Prove that $F_{x^{n+1}} \sim 5^{\frac{x-1}{2}}F_{x^n}^x \forall x,n \geq 1$, holding either variable constant while the other goes to infinity

Question

I noticed from looking at the prime factorizations of some Fibonacci numbers that all those with an index equal to a power of 5 divided that power of five, a property not guaranteed by the strong divisibility property alone. It was while searching for the approximate value of the characteristic factors of these numbers that I noticed $\frac{F_{5^{n+1}}}{F_{5^n}^{5}}\sim 5^2$ as n goes to infinity. Recognizing 5 as 2*2+1, I found that the above could be generalized to a special case of the asymptotic equality that I'm looking to prove in which x is odd. The difference between the two sides of the identity in question grows quite rapidly in absolute value as n increases, but this value is telescoping.
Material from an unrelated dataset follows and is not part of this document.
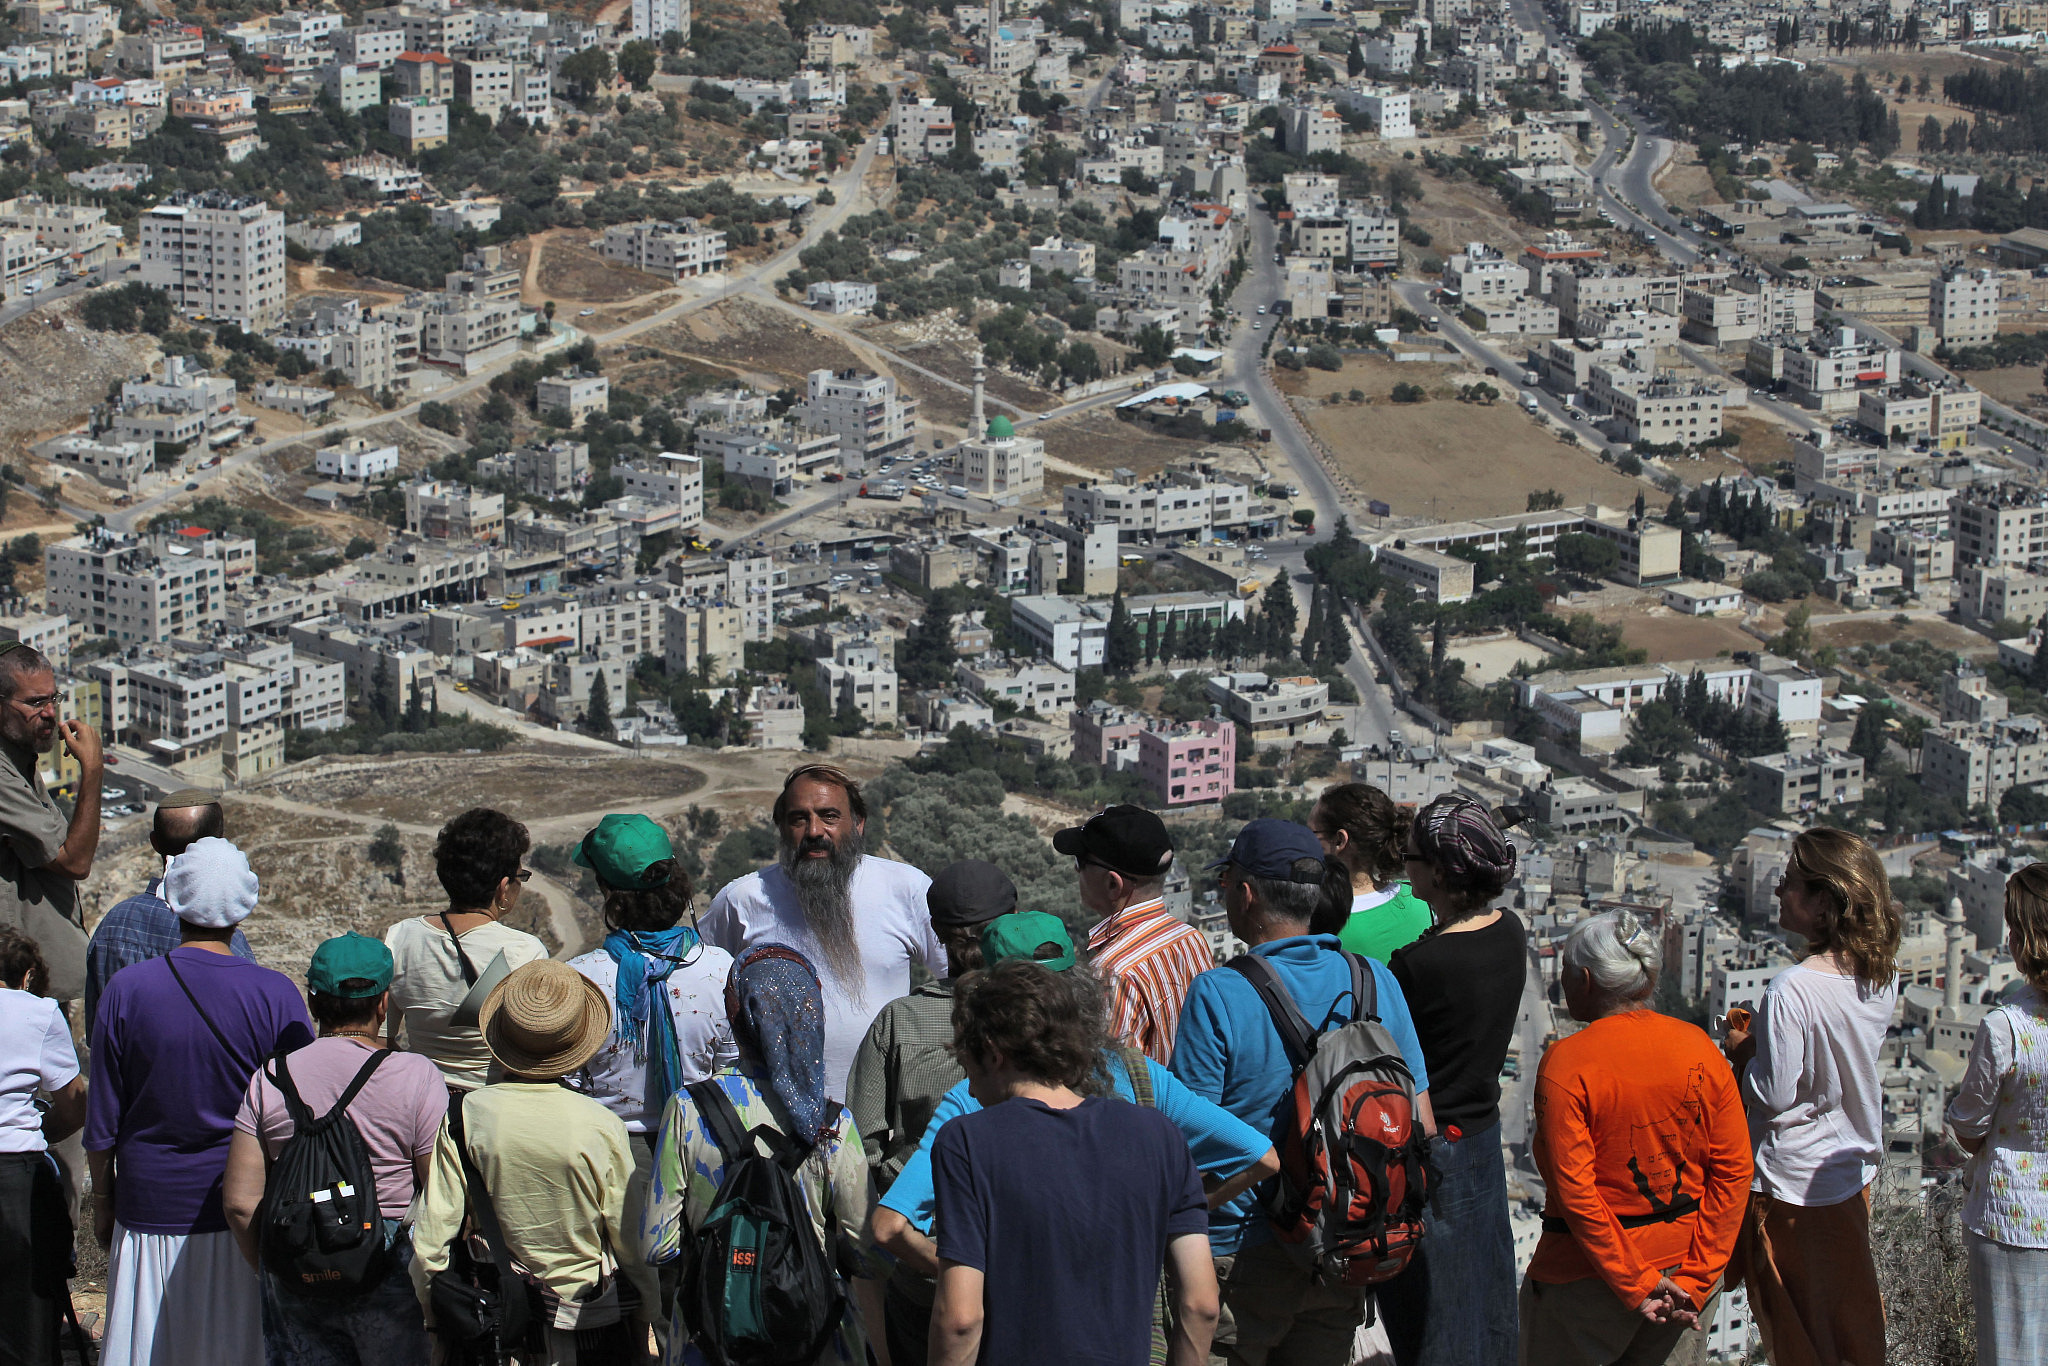 Religious Jews listen to a guide near Joseph's Tomb in the West Bank town of Nablus as they attend a tour led by activist Nadia Matar (not seen) of the Jewish settlements in the West Bank. Matar believes that the Land of Israel including the West Bank and Gaza was promised and belongs to the Jewish People, according to the Torah. September 23, 2009. (Nati Shohat/Flash90)

For particular x, can we somehow use the set of approximations given by repeated application of the main identity to recursively identify the value of the Fibonacci number whose index is the following power of x?

Answer 1

Since $F_n \sim 5^{-\frac 12} \phi^n $ for large $n$, (where $\phi = \frac {1+ \sqrt 5}2$)

For fixed $x$ and large $n$, we have $F_{x^{n+1}} \sim 5^{-\frac 12} \phi^{x^{n+1}} = 5^{\frac {x-1}2}(5^{-\frac 12} \phi^{x^n})^x \sim 5^\frac{x-1}2 F_{x^n}^x$